(Paris) Après le ministre de l’Intérieur dimanche, la porte-parole du parti présidentiel a rouvert lundi le débat sur la question des quotas d’immigration en France, un sujet très sensible dans le pays.

«Il ne faut pas avoir peur des mots, si on commence avant même le débat à se dire : attention, il ne faut pas qu’on utilise tel mot parce qu’on aurait peur de son utilisation, notamment le mot quota, dans ce cas-là, ce débat ne sert à rien», a estimé Aurore Bergé, la porte-parole de LREM, parti du président Emmanuel Macron.

Dimanche déjà, le ministre de l’Intérieur Christophe Castaner avait relancé le débat juste après l’annonce par le premier ministre Édouard Philippe d’un débat annuel sur ce sujet, dont le premier est prévu en septembre.

Le ministère de l’Intérieur avait pris soin de réfuter l’idée d’instaurer des quotas pour les demandeurs d’asile - le droit d’asile étant protégé en France - mais n’excluait pas que la question soit posée pour «d’autres modes d’immigration légale», dans une entrevue au Journal du Dimanche.

«En matière d’asile, les quotas sont contraires à nos engagements internationaux – et à mon éthique personnelle. Toute demande d’asile doit être examinée, ce qui ne veut pas dire acceptée», déclare Christophe Castaner.

«Mais la question des quotas pourra être posée dans le cadre du débat pour d’autres modes d’immigration légale», nuance-t-il ensuite, sans préciser quel type d’immigration pourrait être concerné (familiale, économique, étudiante…).

AFP

Aurore Bergé

Lundi, Aurore Bergé a estimé que, «peut-être que sur l’immigration économique, des quotas pourraient être efficaces pour permettre à ceux qui souhaitent venir en France, de savoir s’ils pourront y être accueillis, s’il y aura un débouché, […] un travail à la clé».

La porte-parole ne souhaite pas en revanche appliquer ce principe à l’immigration familiale. «Je ne sais pas dire que telle mère a le droit de rejoindre ses enfants, que tel père lui n’a pas le droit, parce que tout d’un coup vous avez atteint un quota», a-t-elle expliqué.

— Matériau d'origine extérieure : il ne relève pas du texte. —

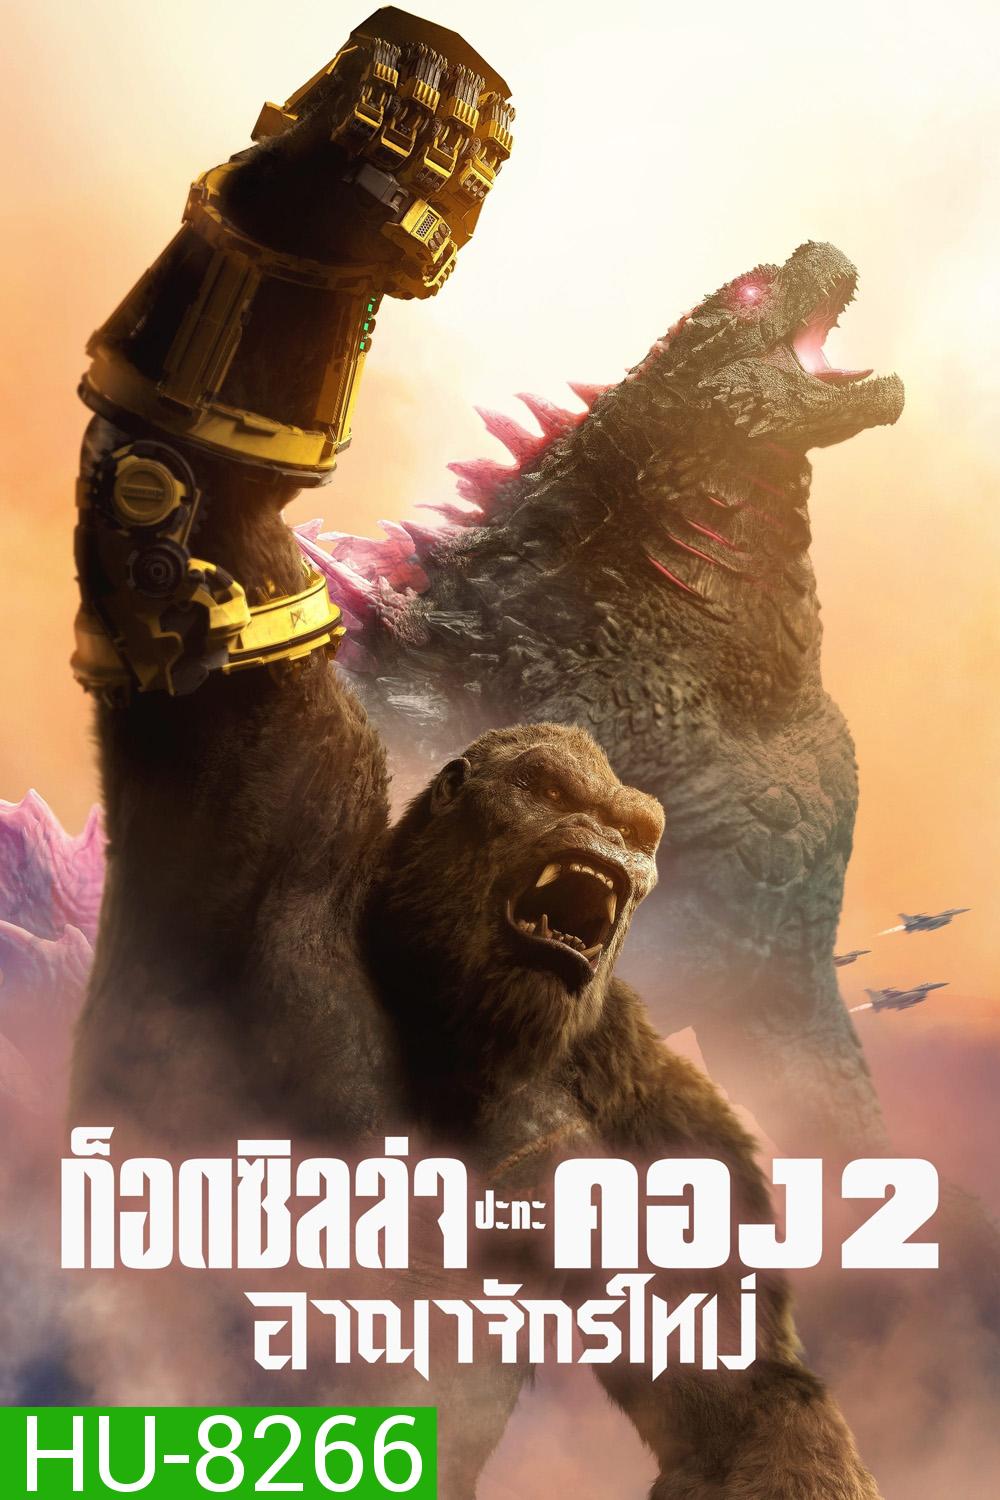 Godzilla x Kong The New Empire ก็อดซิลล่า ปะทะ คอง 2 อาณาจักรใหม่ (2024)
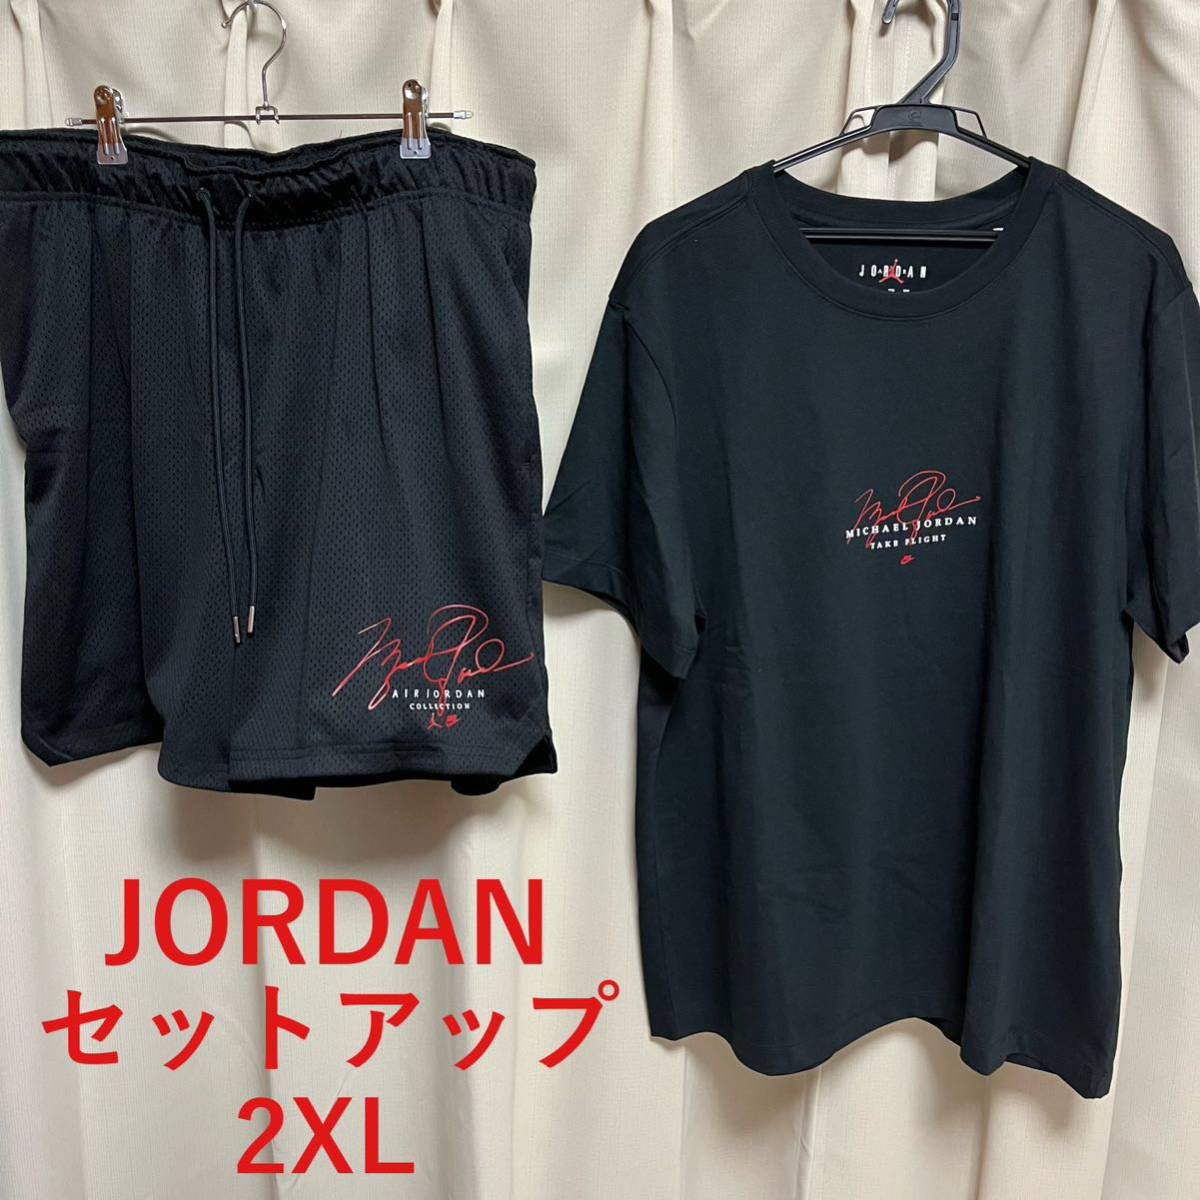 Nike JORDAN セットアップ 2XL 黒 ナイキ ジョーダン ハーフパンツ Tシャツ ショーツ 1 3 4 5 6 11 bbs

En janvier, le président Macron avait évoqué l’idée d’«objectifs annuels» migratoires qui pourraient être fixés par le Parlement. Sans toutefois évoquer le terme de quotas défendus par l’opposition de droite.

Le sujet suscite de vives controverses dans le pays.  

Selon Olivier Faure, le premier secrétaire du parti Socialiste, ces quotas ne pourraient s’appliquer qu’à l’immigration de travail, qui est moins importante que l’immigration familiale et qui est déjà contrôlée. Ils «nourrissent un autre fantasme, qui est d’en finir avec l’immigration tout court, et qui est le fantasme de l’extrême droite», a-t-il ajouté.

«C’est un moyen d’endormir les électeurs», a estimé dimanche Marine Le Pen, la cheffe de l’extrême droite. «Je crois que (l’ancien président) Nicolas Sarkozy nous avait déjà fait ce coup-là pour essayer de faire passer la pilule d’une immigration légale de plus en plus importante», a ironisé la cheffe du Rassemblement national (RN, ex-Front national).

Les associations d’aide aux migrants se sont elles inquiétées lundi de la relance de ce débat par l’exécutif, critiquant «un discours inversement proportionnel à la réalité migratoire» et une posture «purement électoraliste».  

«C’est triste que les migrants fassent les frais de la bagarre politique entre LREM et le Rassemblement national», estime Christophe Deltombe, président de la Cimade (ONG française de défense des droits des migrants et réfugiés), selon lequel «le discours est inversement proportionnel à la réalité migratoire». «C’est un débat purement électoraliste visant à récupérer des voix de la droite et relancer les hystéries», juge-t-il.

Pour Pierre Henry, directeur général de l’association France terre d’asile, «ce n’est pas avec ce débat de posture que le gouvernement va changer le regard des citoyens sur l’immigration». «Il faut agir sur les politiques publiques (françaises) qui produisent la mise à la rue et les campements pour pouvoir changer le réel», a-t-il martelé, tout en appelant à «combattre l’anxiété que provoque la question migratoire».